195Seigneur, tant de prudence entraîne trop de soin :
Je ne sais point prévoir les malheurs de si loin.
Je songe quelle étoit autrefois cette ville,
Si superbe en remparts, en héros si fertile,
Maîtresse de l’Asie ; et je regarde enfin
200Quel fut le sort de Troie, et quel est son destin.
Je ne vois que des tours que la cendre a couvertes,
Un fleuve teint de sang, des campagnes désertes,
Un enfant dans les fers ; et je ne puis songer
Que Troie en cet état aspire à se venger[1].
205Ah ! si du fils d’Hector la perte étoit jurée,
Pourquoi d’un an entier l’avons-nous différée ?
Dans le sein de Priam n’a-t-on pu l’immoler ?
Sous tant de morts, sous Troie il falloit l’accabler.
Tout étoit juste alors : la vieillesse et l’enfance
210En vain sur leur foiblesse appuyoient leur défense ;
La victoire et la nuit, plus cruelles que nous,
Nous excitoient au meurtre, et confondoient nos coups.
Mon courroux aux vaincus ne fut que trop sévère[2].
Mais que ma cruauté survive à ma colère ?
215Que malgré la pitié dont je me sens saisir,
Dans le sang d’un enfant je me baigne à loisir ?
Non, Seigneur.

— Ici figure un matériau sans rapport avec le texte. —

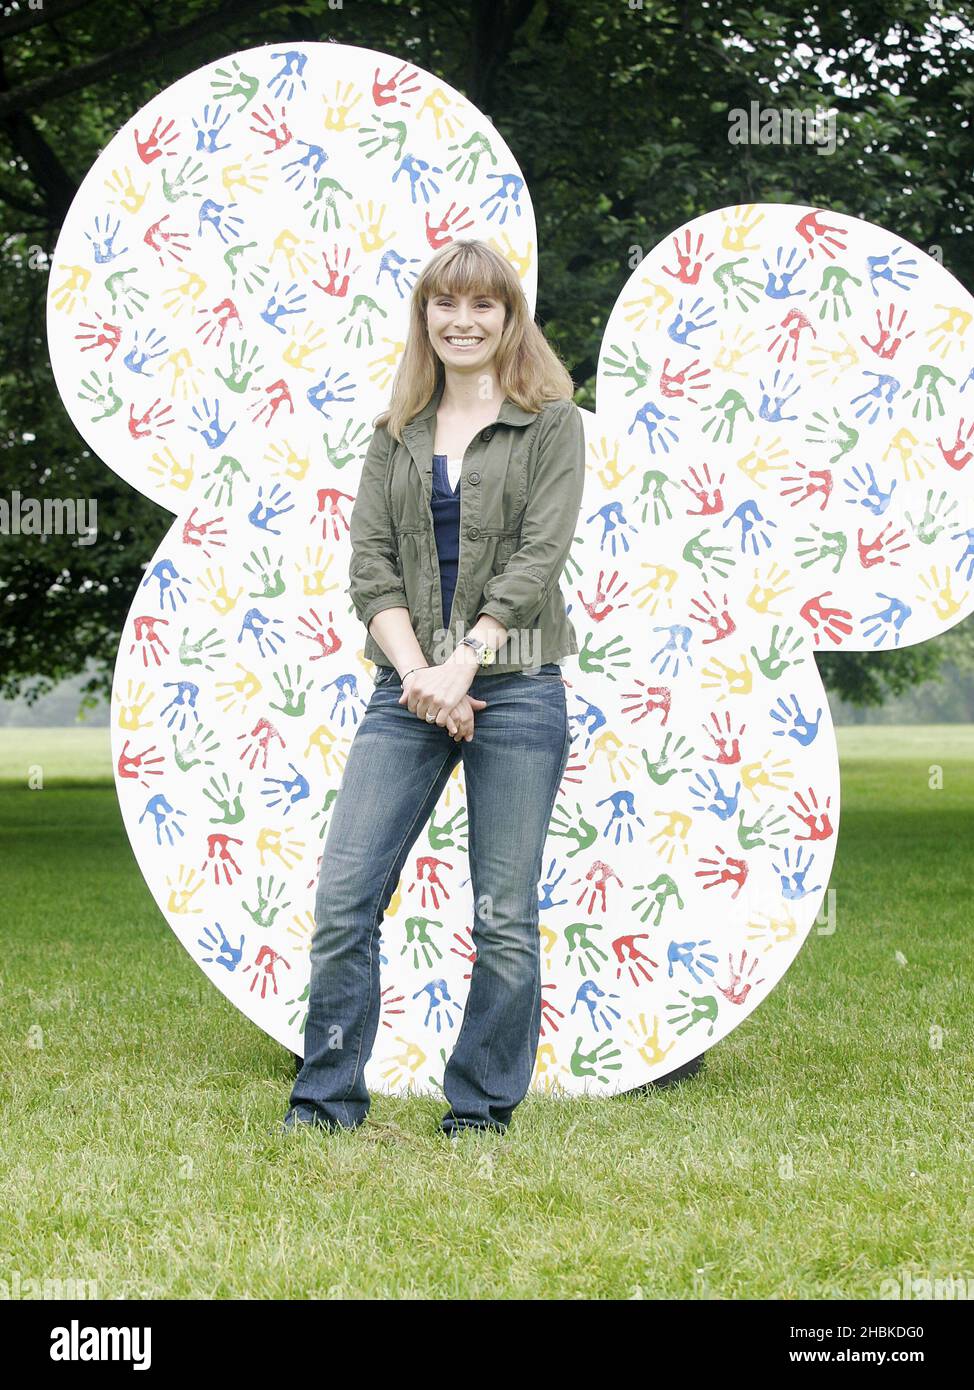 Tana Ramsay launch Playhouse Disney's Plating For Planet Awards, London. Stock Photo

Que les Grecs cherchent quelque autre proie ;

  1. An has ruinas urbis in cinerem datas
    Hic excitabit ? Hæ manus Trojam erigent ?

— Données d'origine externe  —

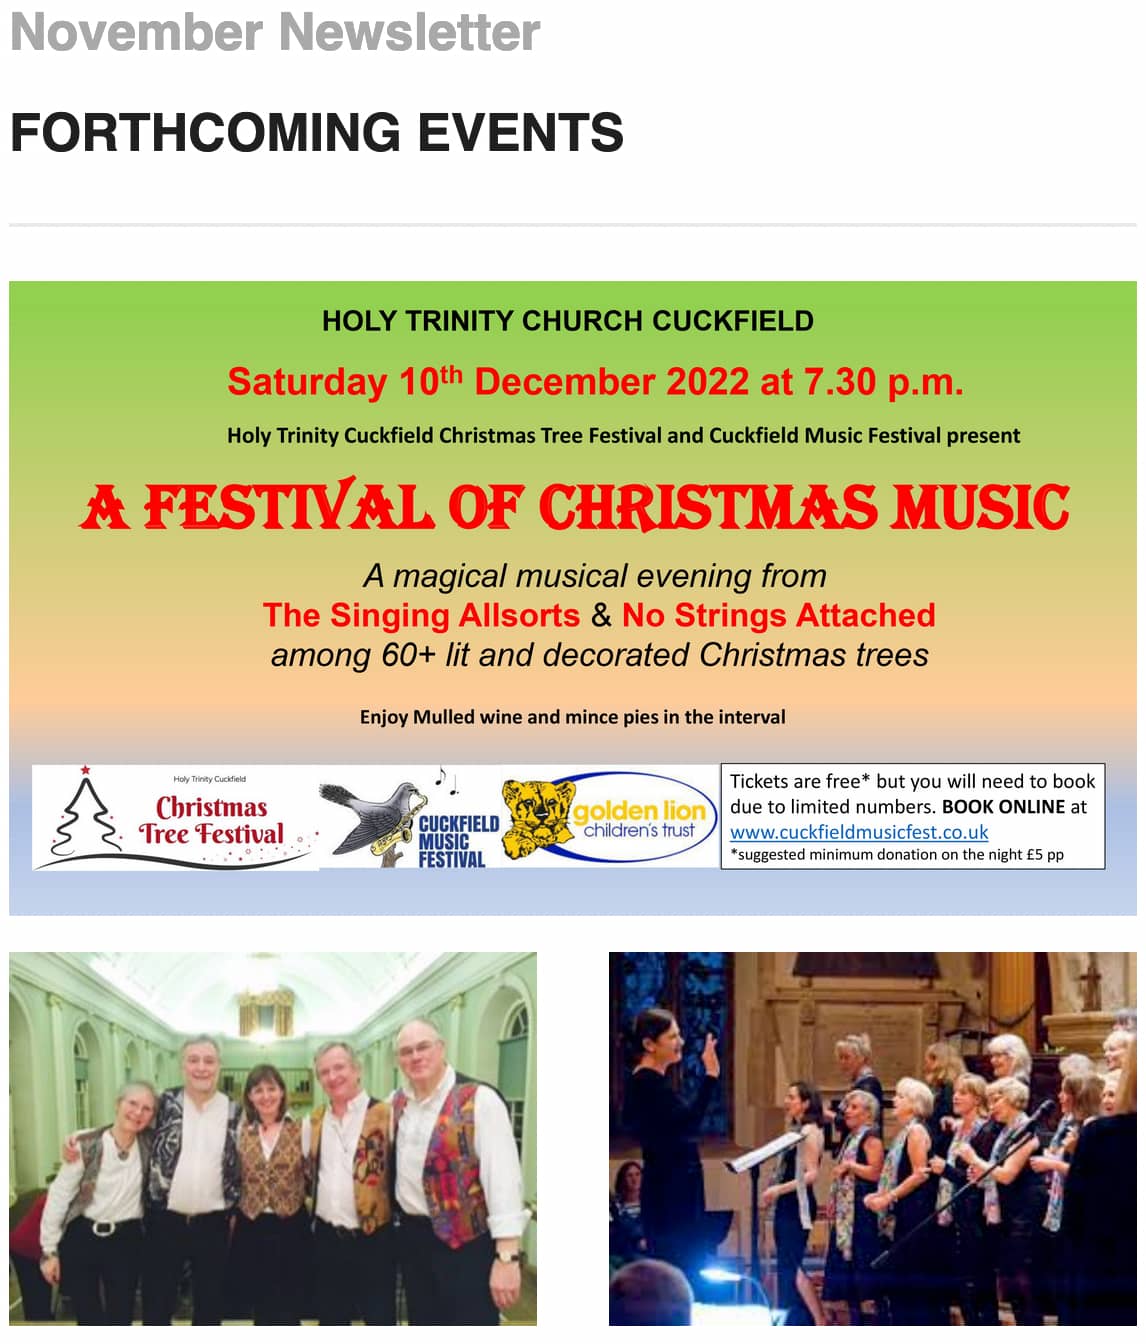 Cuckfield Christmas Music Event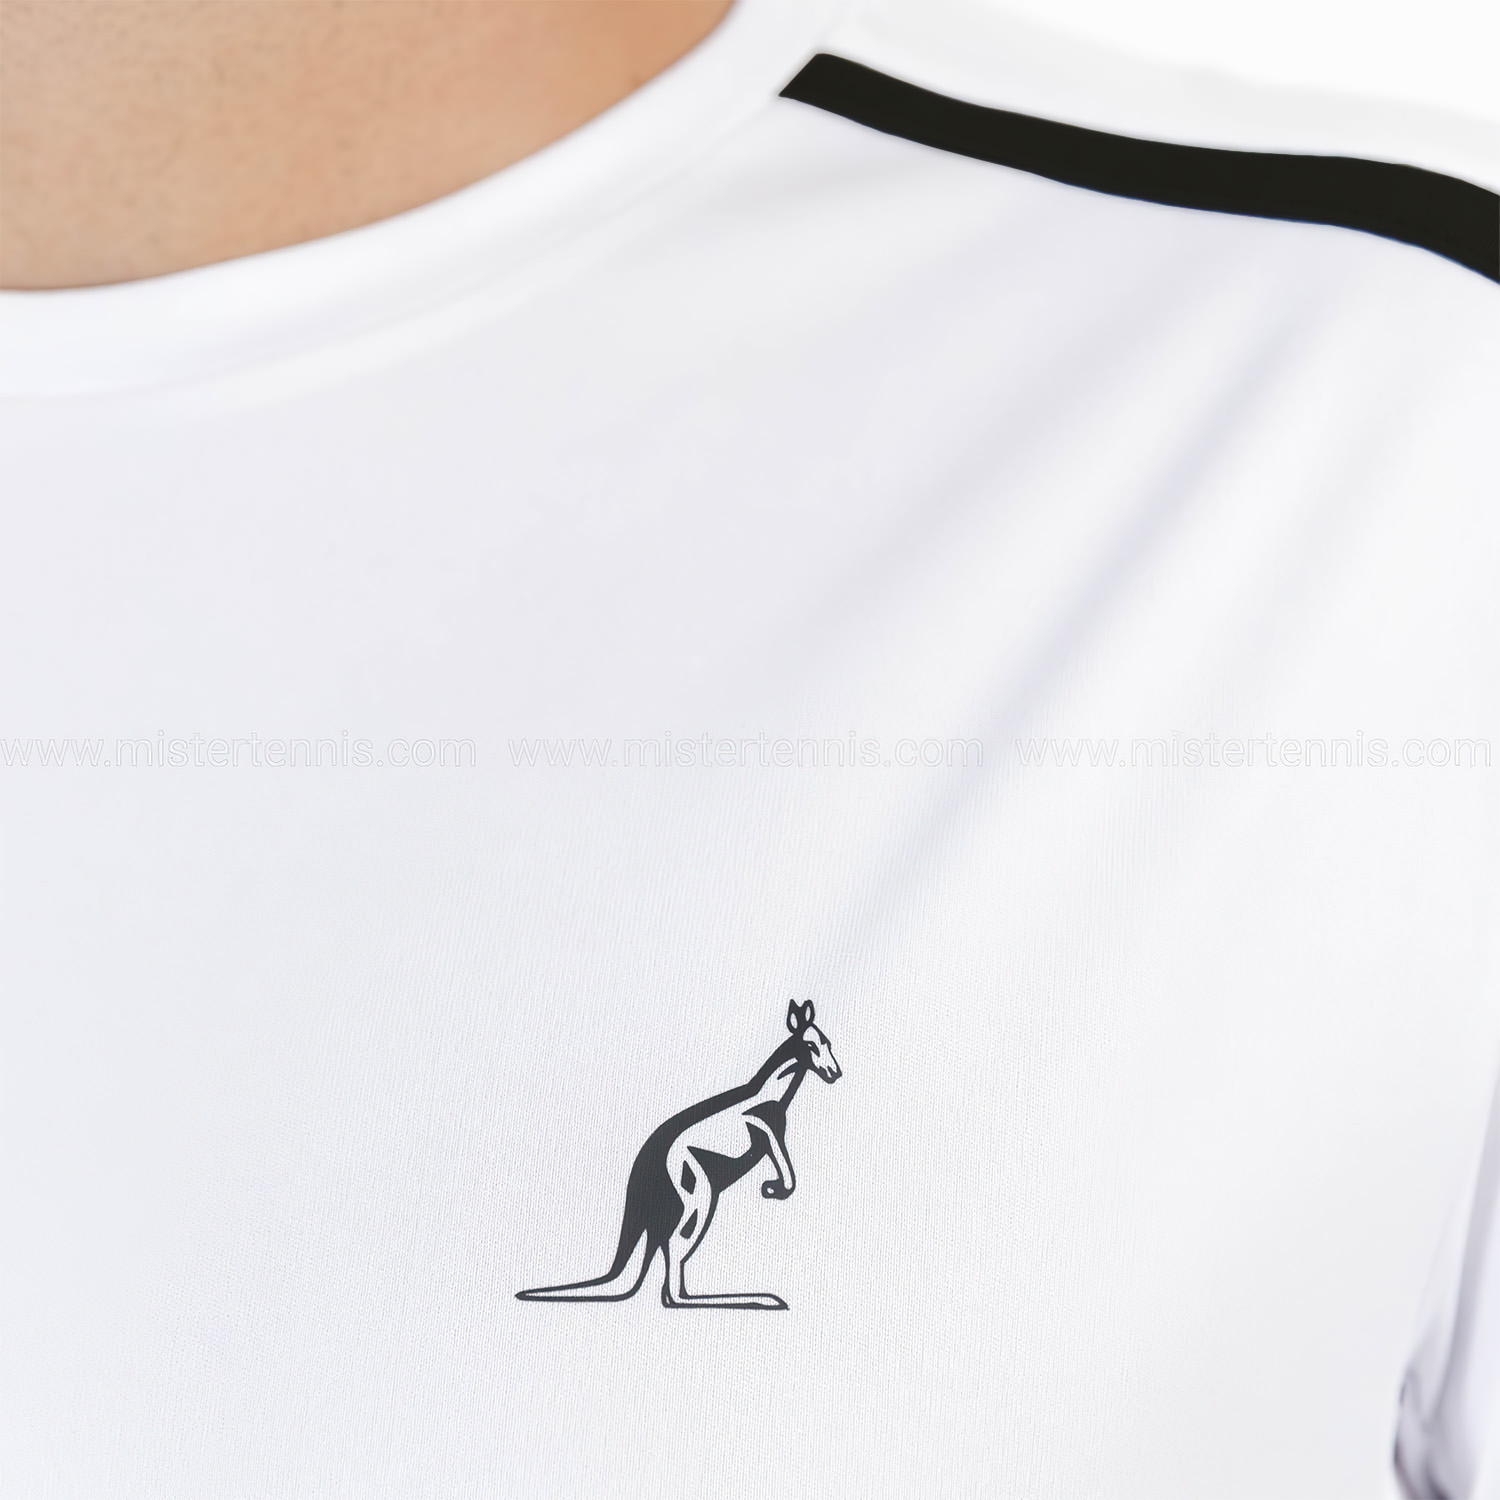 Australian Ace Camiseta - Bianco/Nero

    Nullas habet spes Troja, si tales habet.

    (Troyennes de Sénèque, vers 740-742.)
  2. Ces beaux vers ont été certainement inspirés par ceux que Sénèque (Troyennes, vers 267 et 268 et vers 280-286) met dans la bouche d’Agamemnon :

    · · · · · Fateor, aliquando impotens
    Regno ac superbus, altius memet tuli…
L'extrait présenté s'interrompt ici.